SYDNEY – US Vice President Mike Pence was due to arrive in Australia on Friday evening for the last leg of his Asia-Pacific tour, with regional security, the fight against terror, and trade set to continue dominate talks.
Territorial disputes in the South China Sea and the Syrian conflict will also figure in talks during Pence’s two-day visit.
Pence is the most senior US official to visit Australia since US President Donald Trump’s inauguration in January.
Speaking to Channel 7 shortly before Pence’s arrival, Australian Prime Minister Malcolm Turnbull said they would discuss a range of issues, but that “talking about a range of issues, but obviously top of the agenda will be regional security. North Korea is going to be right at the top of the agenda. Also of course, the global battle against terrorism.”
The Australian leader also thanked the new US administration’s promptness in sending its vice president to Australia, interpreting it as a sign of close Washington-Canberra ties.
“We’re really appreciative that so early in this new Trump Administration, the Vice President has come out to the region and visited Australia,” Turnbull said.

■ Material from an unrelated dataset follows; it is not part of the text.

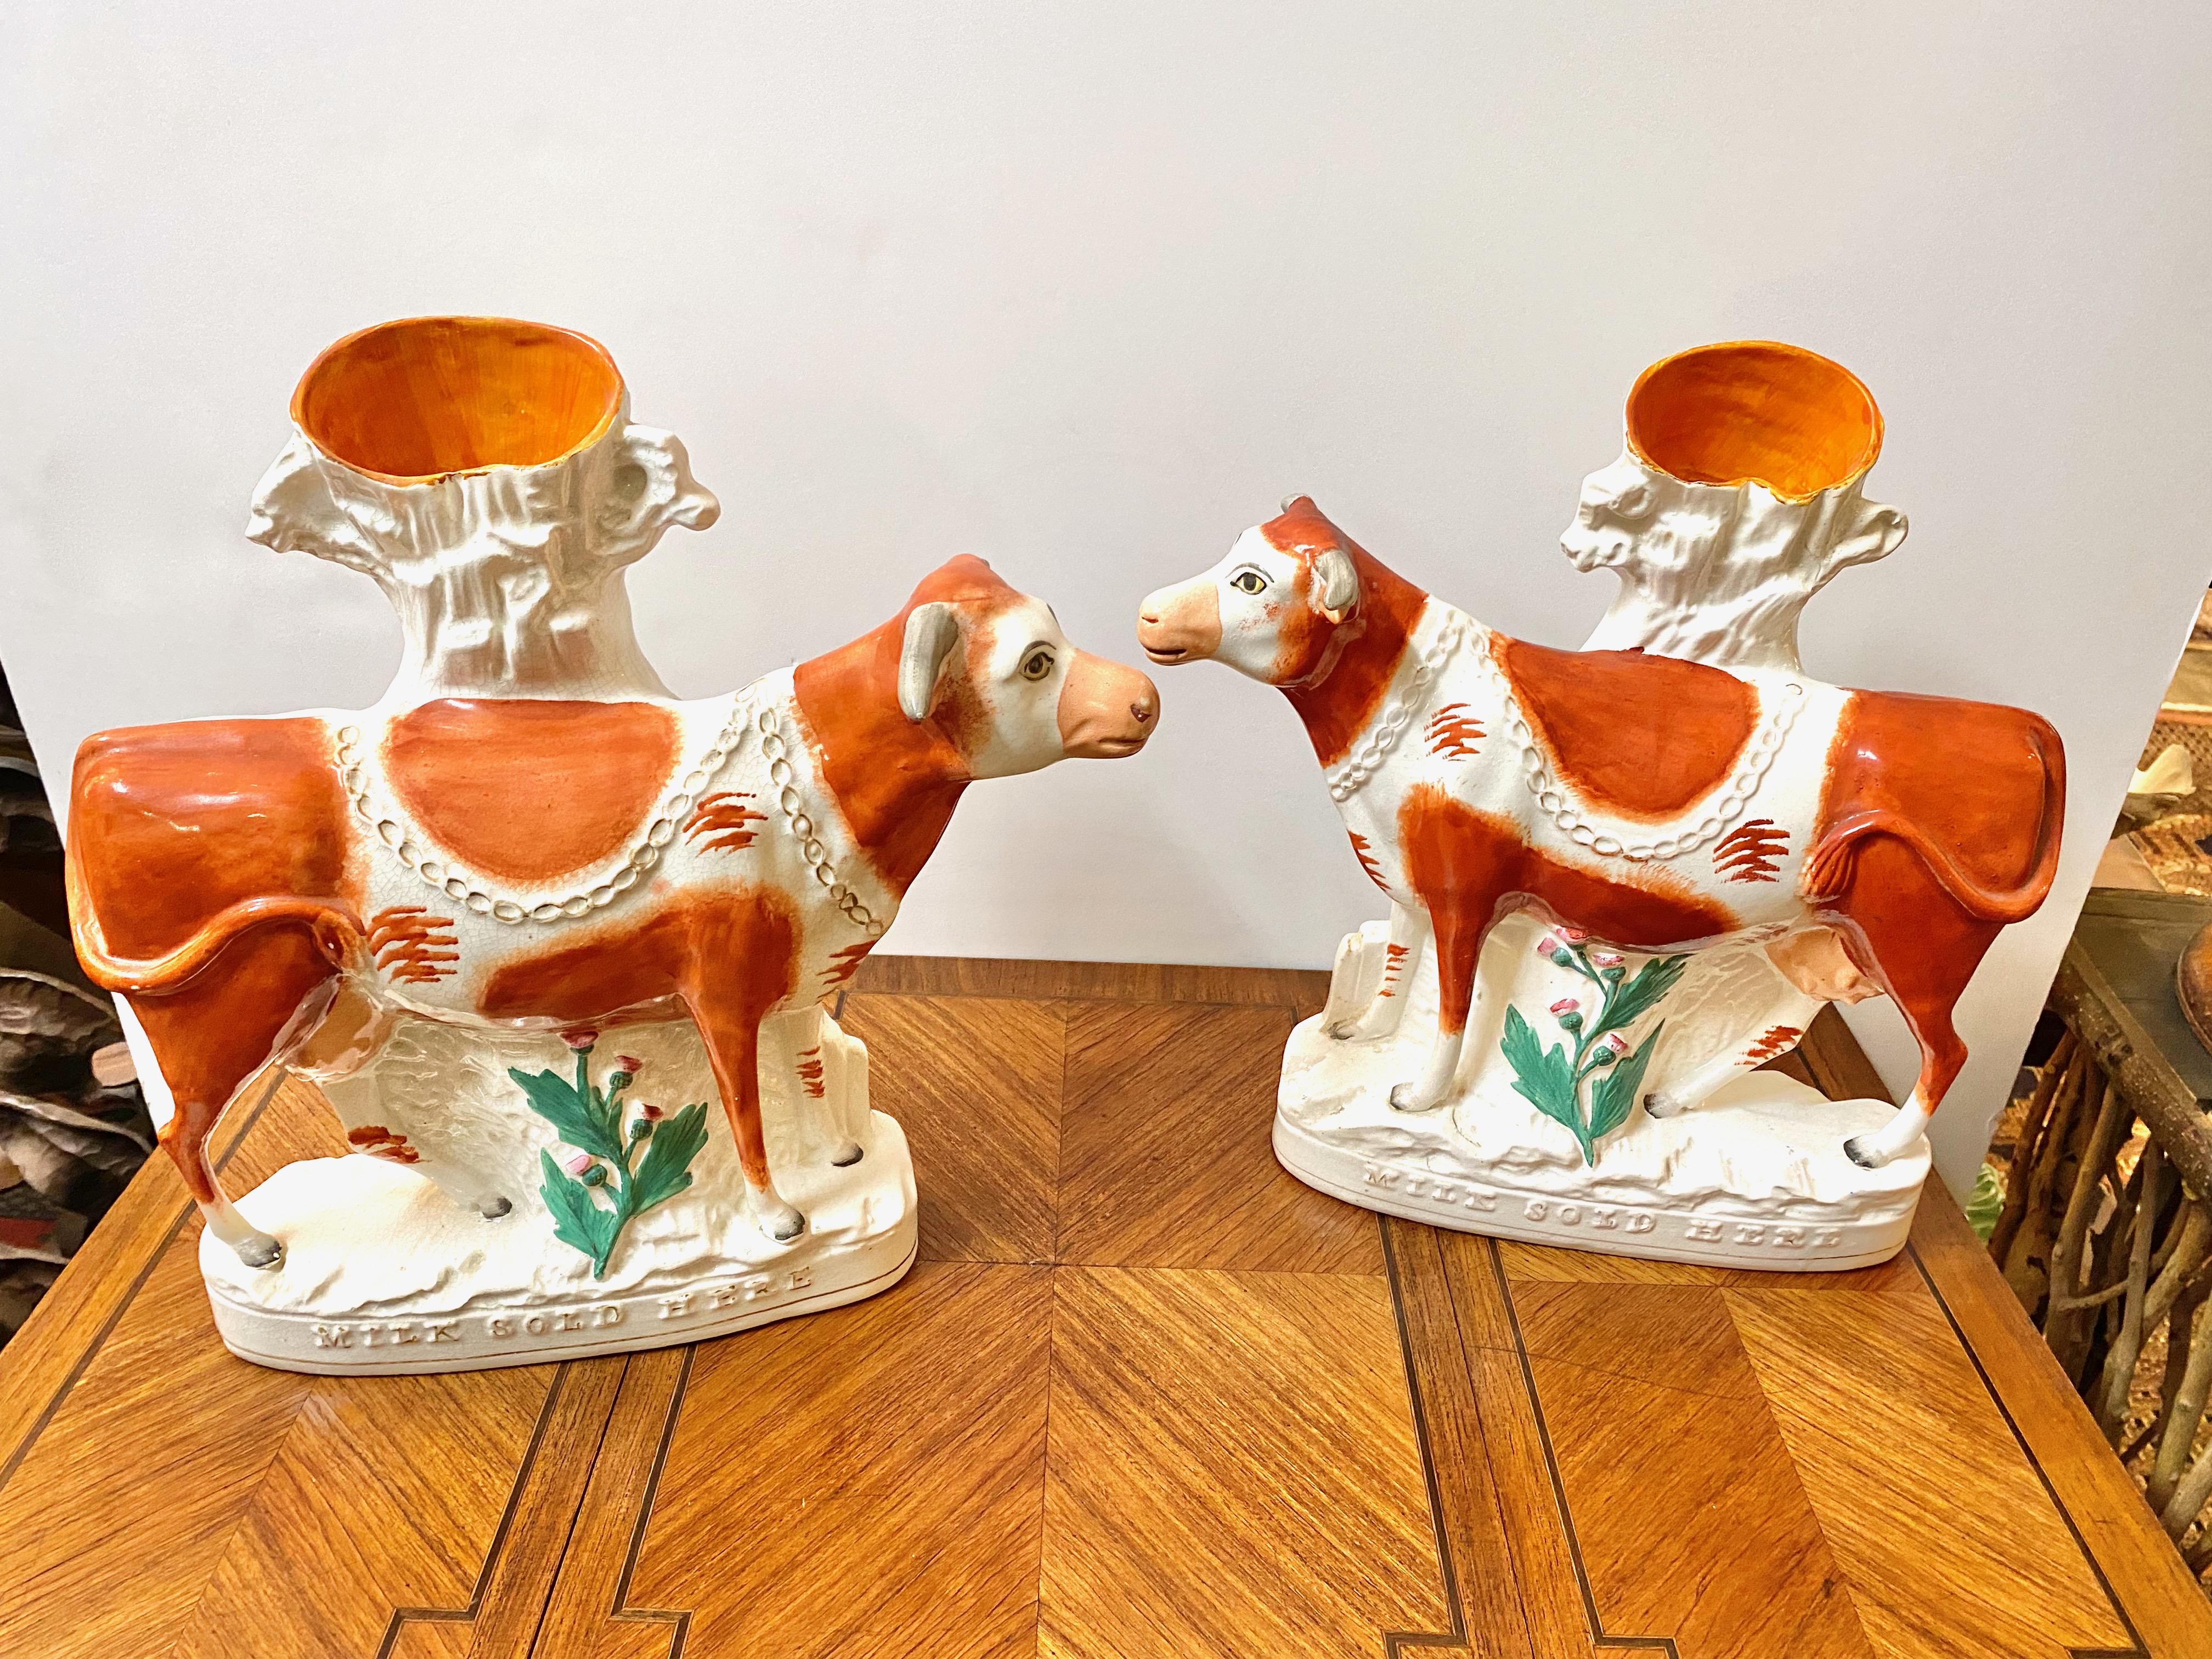 This is a very large and unusual pair of mid-19th century Victorian Staffordshire Dairy Cows that were originally used as trade signs in a milk shop. The inscription at the base of the figures reads

The visit could help make a fresh start after a much-publicized strained telephone conversation between the two leaders shortly after Trump assumed office.
US media had reported that Trump abruptly cut short the call due to differences over a refugee resettlement agreement that Australia had signed with the Barack Obama-led US administration, dubbed a “dumb deal” by the new US president.
Observers say the Pence visit seems to want to revitalize relations with Australia, historically a strong US ally.
Both countries view their alliance as being of vital importance for security in the Asia-Pacific region, and the visit is expected to help resolve differences over the costs of rotation of US marines and their use of military bases in northern Australia.
Besides Turnbull and Australia’s Foreign Minister Julie Bishop, Pence will also meet Governor-General Peter Cosgrove, opposition leader Bill Shorten, and members of the armed forces.
On Monday, he will fly to Hawaii to conclude his 10-day official tour of the Asia-Pacific.